Quite often you are given the task of constructing a cumulative histogram from frequency distributions. One reason for such a task might be that you want to sample random numbers from the original histogram.
Sampling a random number between 0 and 1, the normalized cumulative histogram could be used together with a search algorithm to find the corresponding bin.
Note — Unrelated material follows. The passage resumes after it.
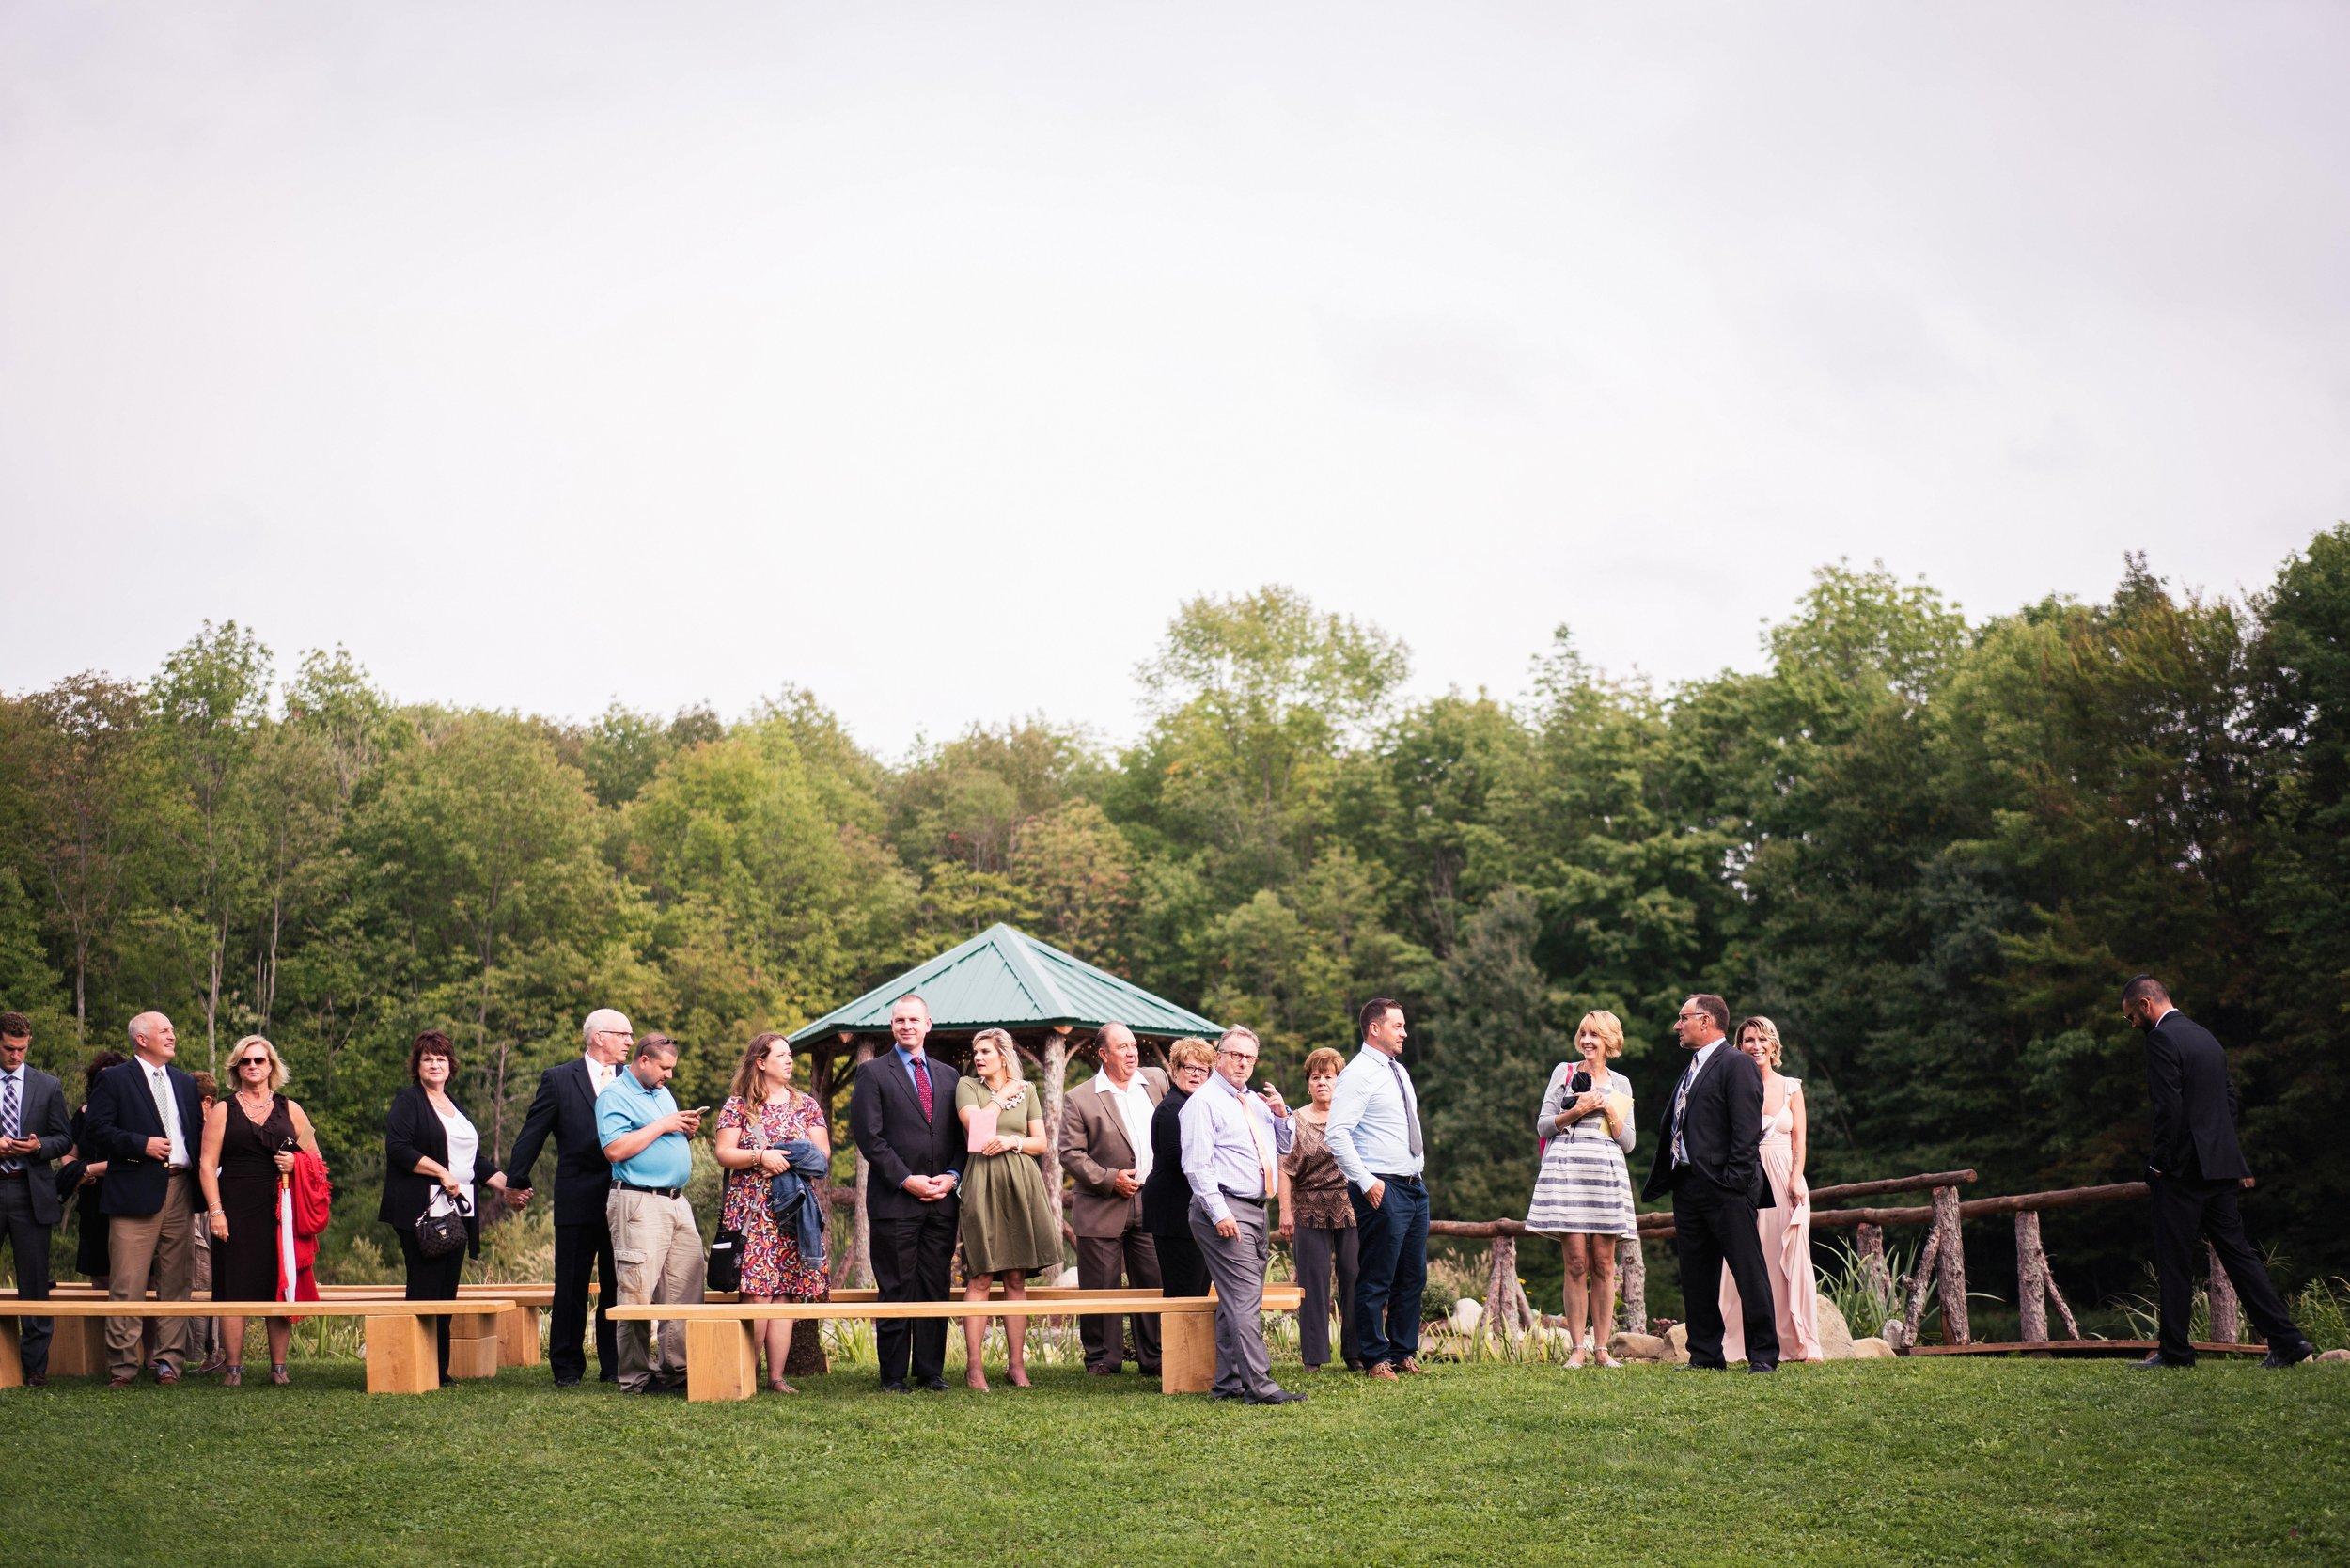 Blog-Lisa-James-Wedding-at Rosebud Estate Weddings in Arcade NY by Stefan-Ludwig-Photography-Buffalo-NY-52-x.jpg
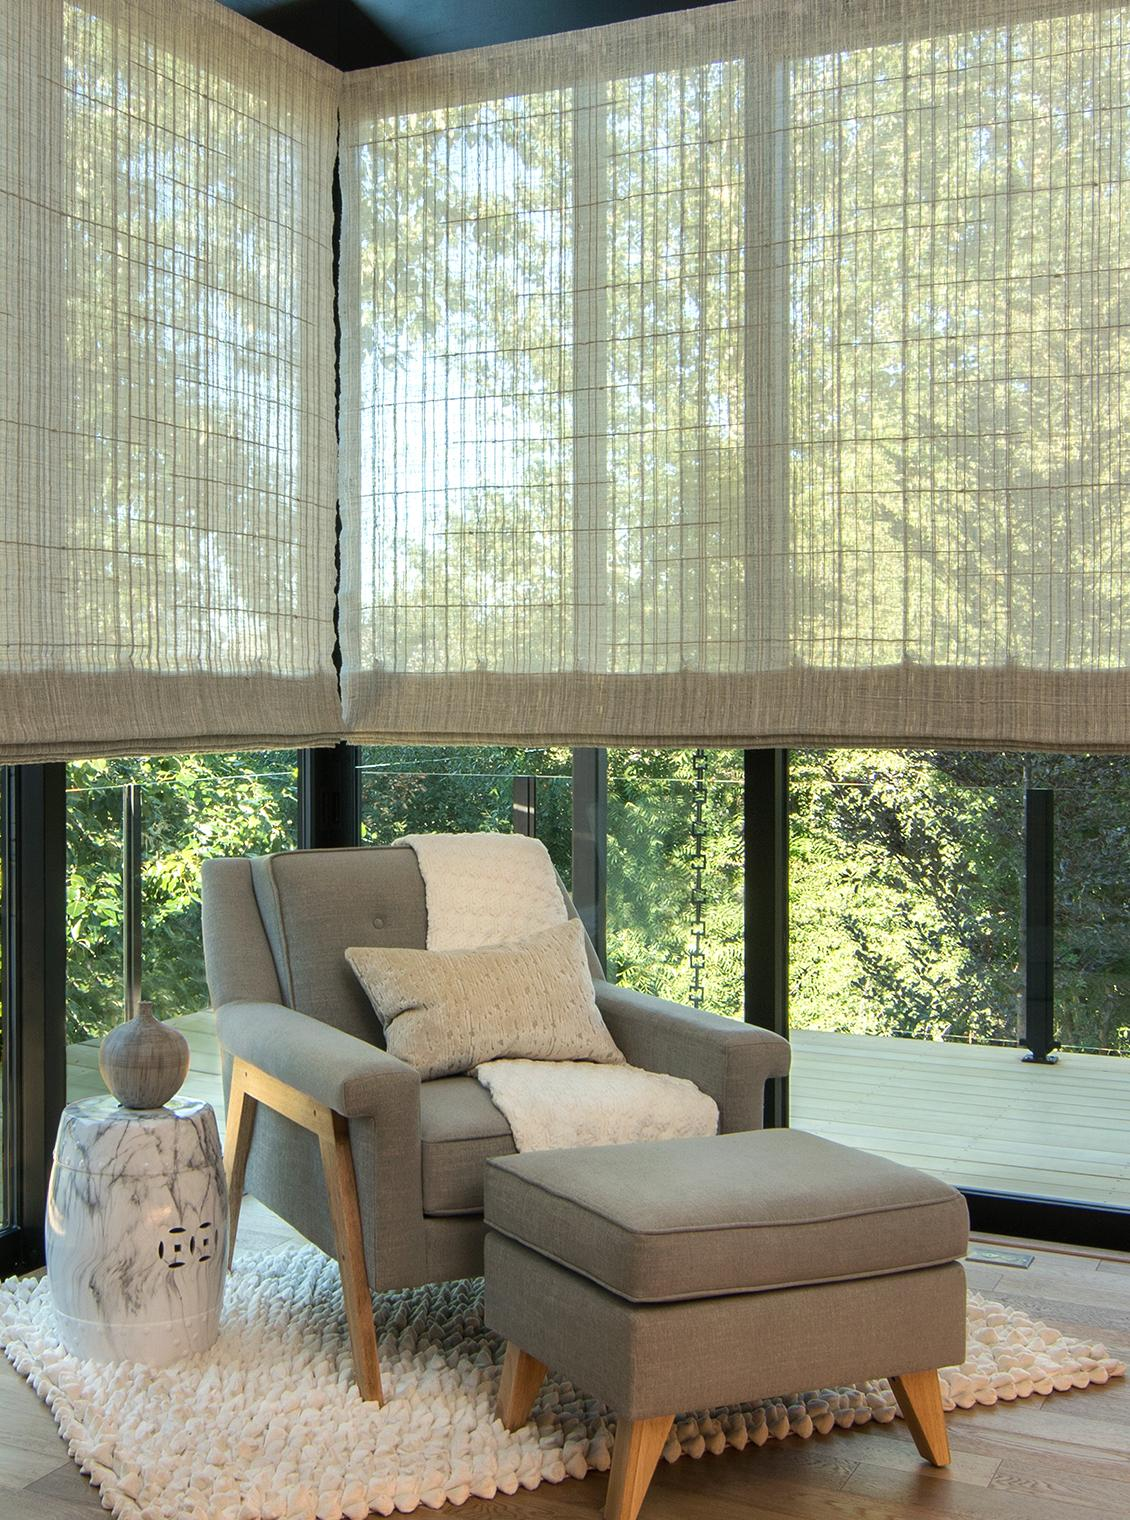 LE2536 Suteki House | Designer - Tiffany Home Designs

The search could be made quite efficient since the cumulative distribution is monotonically increasing.
Suppose we have defined the following table in a database, i.e. a histogram with weights (or counts) sorted into bins.
CREATE TABLE histogram(bin INTEGER, weight INTEGER);
The following two SQL statements will both produce the original histogram and the cumulative histogram.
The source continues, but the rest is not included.